#### Problem
Keep images out and repeat all data exactly.

#### Information supplied
══════════

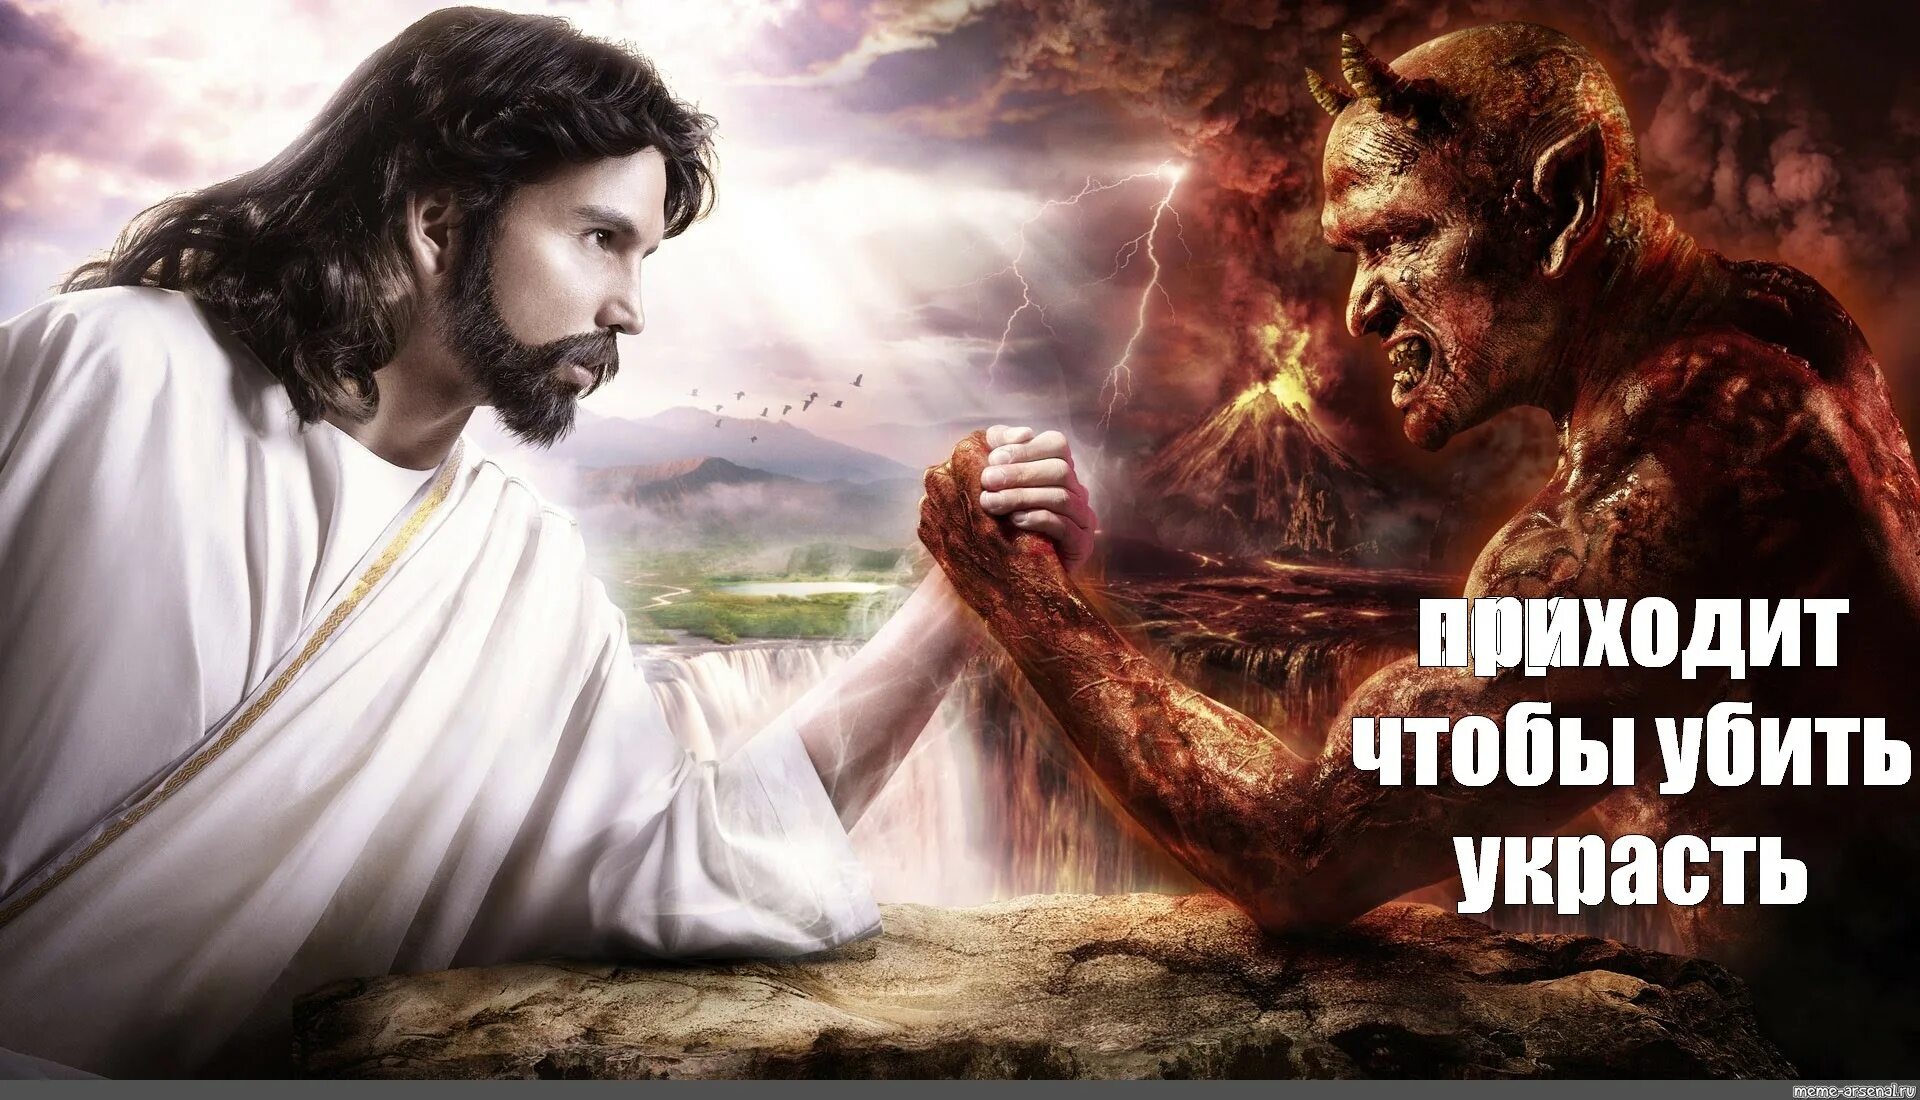 Он шел посередине. Бог и дьявол. Бог против дьявола. Иисус против дьявола. Христос и дьявол.
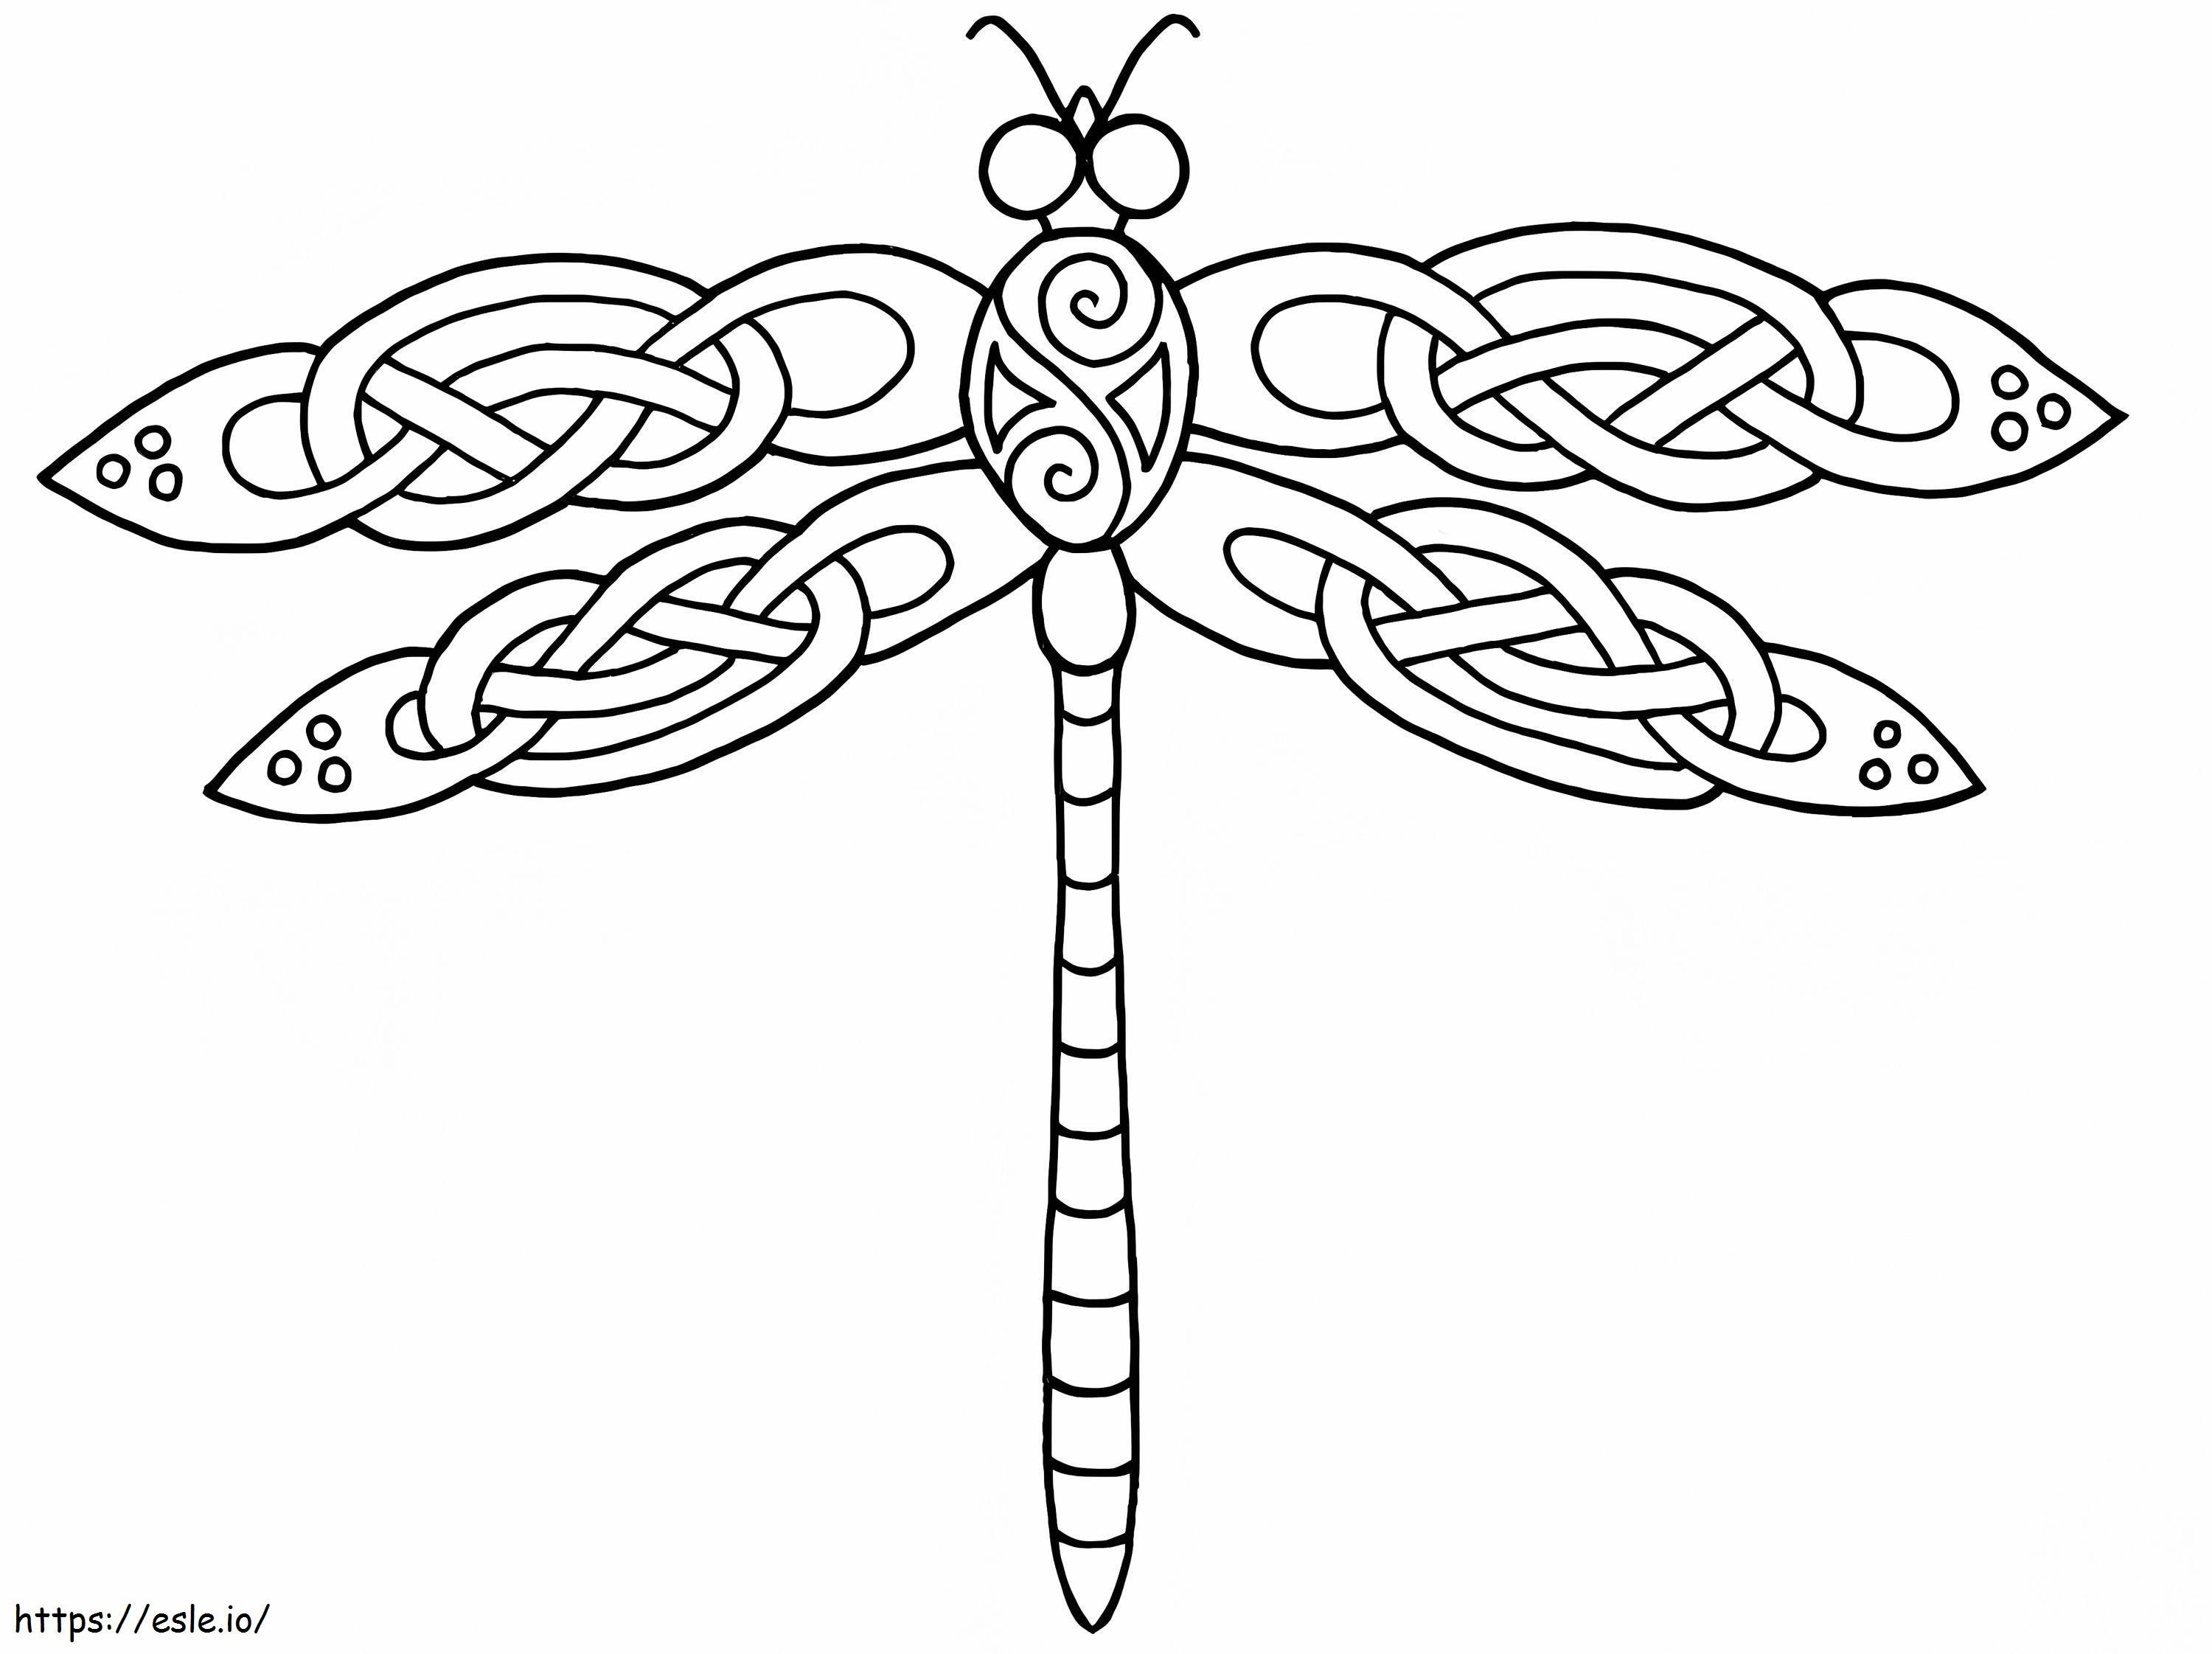 Desain Capung Celtic Gambar Mewarnai
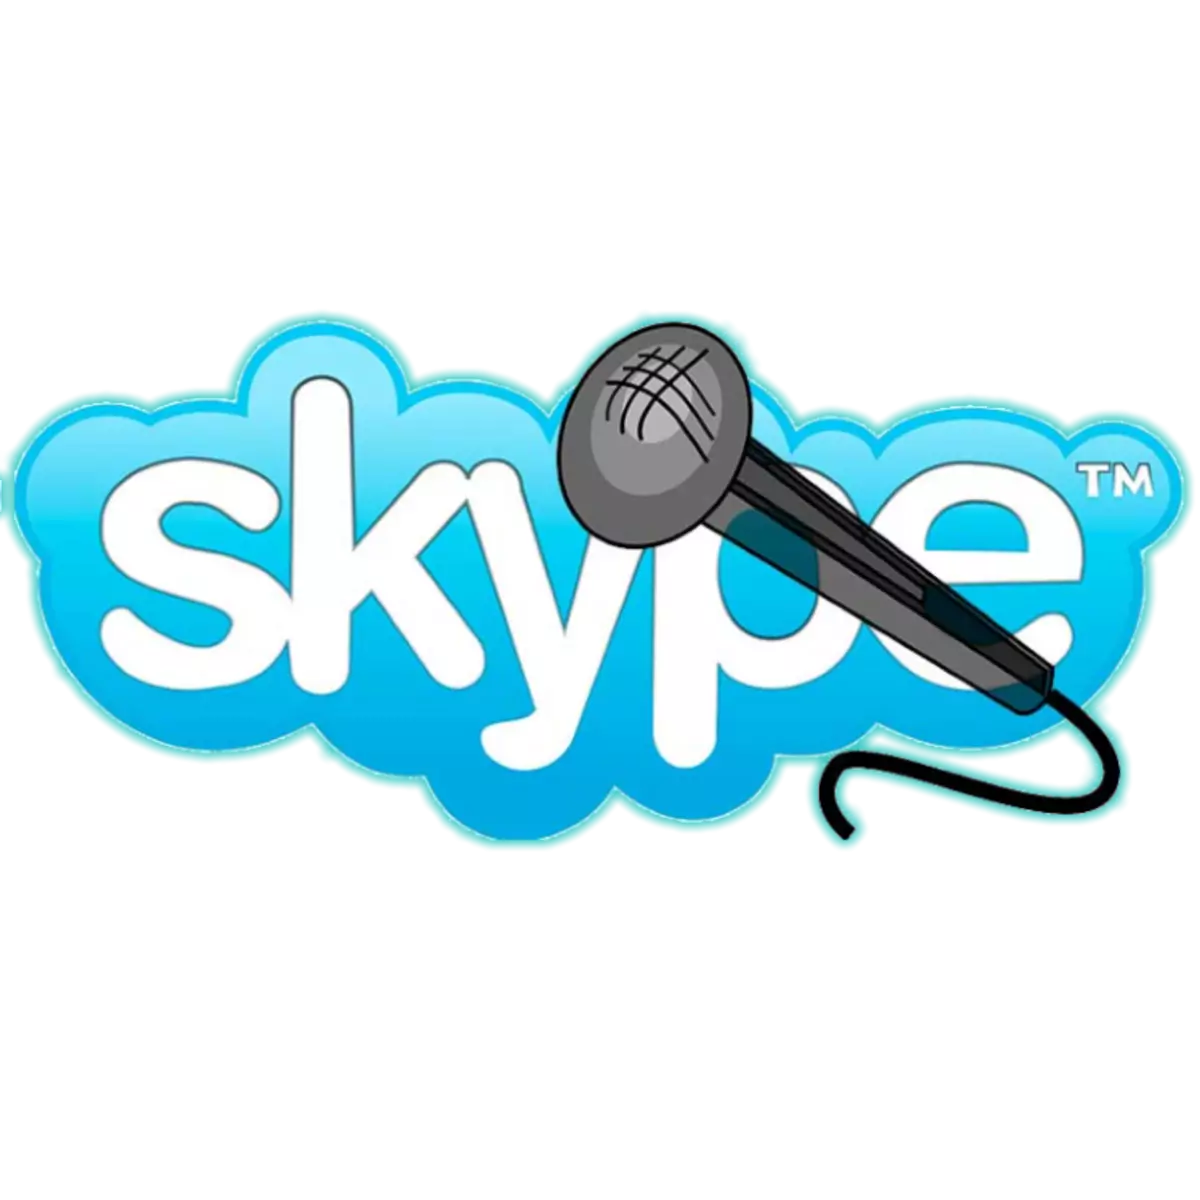 Impamvu mikoro idakora muri Skype

══════════

#### Solution
 Он шел посередине. Бог и дьявол. Бог против дьявола. Иисус против дьявола. Христос и дьявол.
 Desain Capung Celtic Gambar Mewarnai
 Impamvu mikoro idakora muri Skype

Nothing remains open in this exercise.